Justine Siegemund | |
---|---|
Justine Siegemundin
| |
Born | 26 December 1636 |
Died | 10 November 1705 (aged 68) |
Other names | Justine Dittrichs |
Occupation | German writer |
Justine Siegemund or Siegemundin (26 December 1636 – 10 November 1705) was a renowned Silesian midwife whose Court Midwife (1690) was the more read, but not the first, female-published German obstetrical manual.
Strikingly, Siegemund herself was childless, which should have technically disqualified her from her profession, as only childbearing midwives were supposed to be able to practice. Had that been the case, however, seventeenth century Europe would have lost a consummate professional in her discipline.
She was born the daughter of Elias Diettrich, a Lutheran minister, in Rohnstock (now Roztoka), in former silesian Duchy of Jawor on December 26, 1636. Her father died in 1650, when she was aged fourteen. In 1655, she married Christian Siegemund, an accountant, but the marriage was childless. However, it lasted for forty-two years, and Christian Siegemund provided considerable support to his wife during her professional career, although they may have lived apart from 1673.

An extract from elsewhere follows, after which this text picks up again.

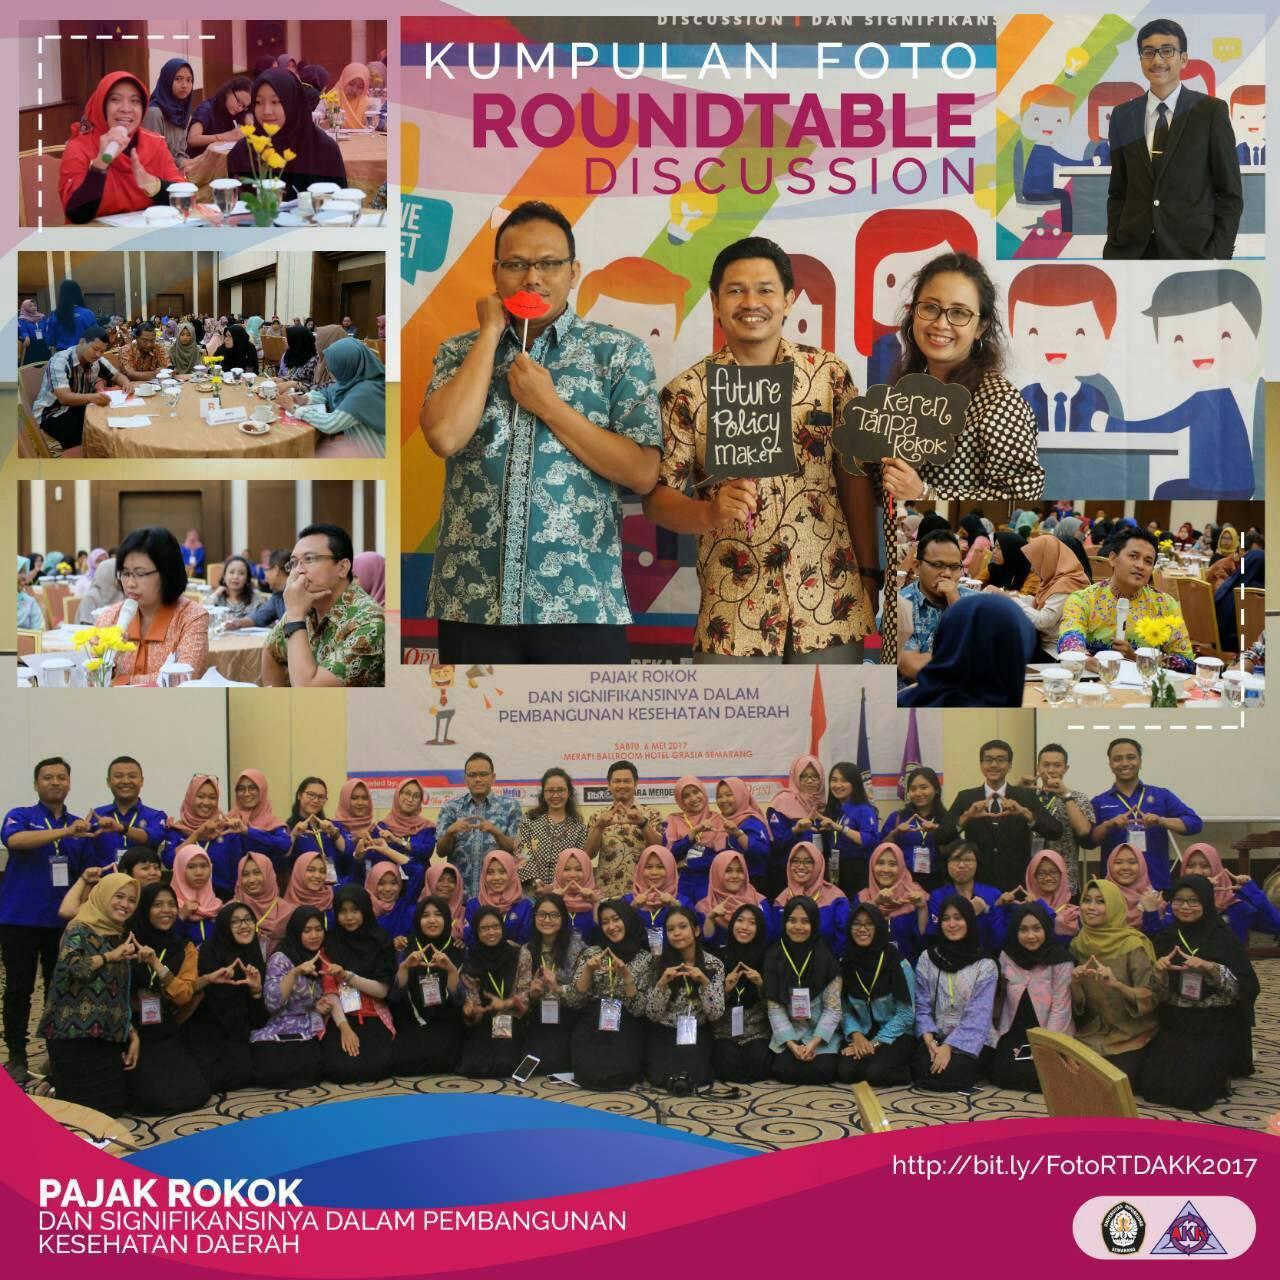 Tentang Fkm Undip Peminatan Administrasi Dan Kebijakan Kesehatan A Lifelong Journey By Lulu Khodijah
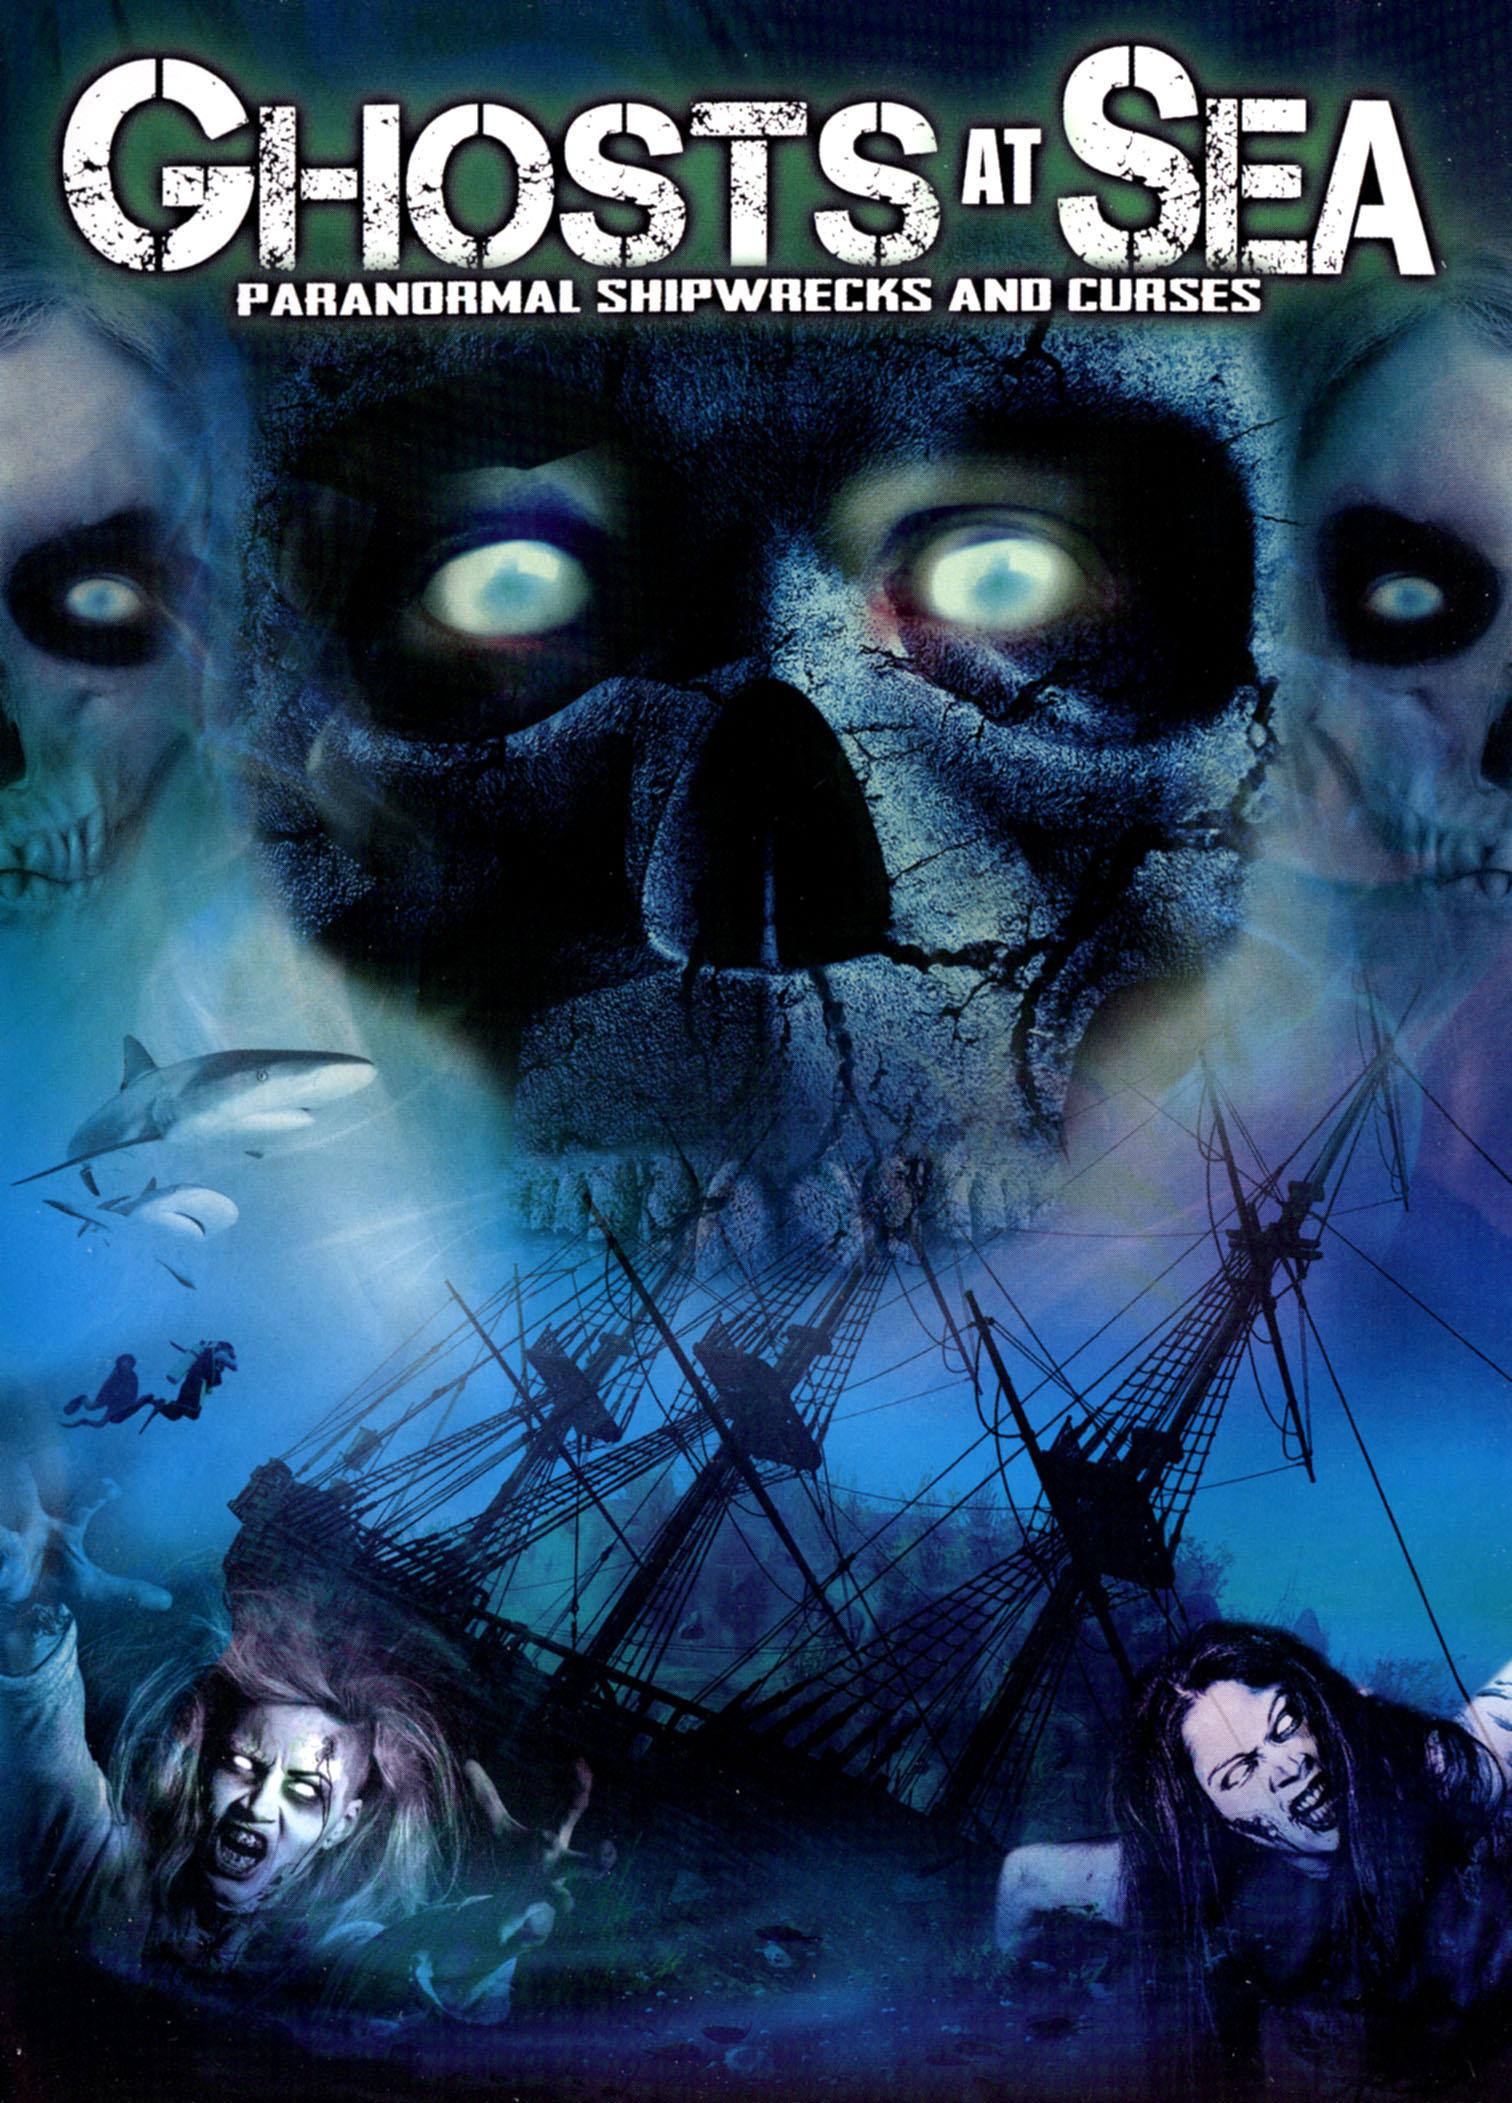 Ghost at Sea: Paranormal Shipwrecks and Curses

At twenty, Justine Siegemund suffered considerably at the hand of incompetent midwives who wrongly assumed that she was pregnant. Her experience motivated her to educate herself about obstetrics, and she practiced herself for the first time in 1659, when she was asked to assist a case of obstructed labour related to a misplaced infant arm. Until 1670, she provided free midwifery services to peasant and poor women in her local area, although she also gradually diversified her client base to include women from merchant and noble families.
Given her thriving midwife practice and expanding client base, Siegemund was called upon when a cervical tumour threatened Luise Duchess of Legnica, which she successfully removed, after male physicians called on her professional services. However, sexist professional animosities were never far away. In 1680, Martin Kerger, her former supervisor, turned on her and accused her of unsafe birthing practices. Unfortunately for Kerger, his own colleagues at the Frankfurt on Oder medical faculty sided with Siegemund instead, and it did not help that Kerger's own statements demonstrated that he lacked her practical experience-based professional knowledge of women's reproductive and infant anatomies and childbirth.
His groundless allegations did not affect Siegemund's professional employment opportunities, and in 1670 she was named the "city midwife" of Legnica/Lignitz. Her expertise and dexterity caught the attention of Frederick William, Elector of Brandenburg who appointed her as his court midwife termed the „Chur-Brandenburgische Hof-Wehemutter“ in Berlin in 1683. She also served as royal midwife for Frederick III's sister Marie-Amalie, Duchess of Saxony-Zeitz, and delivered four of her children. At the court of August the Strong, she assisted Saxon Electress Eberhardine to give birth to her son, Frederick August II (1696). At the same time, she attended other births within the Berlin area.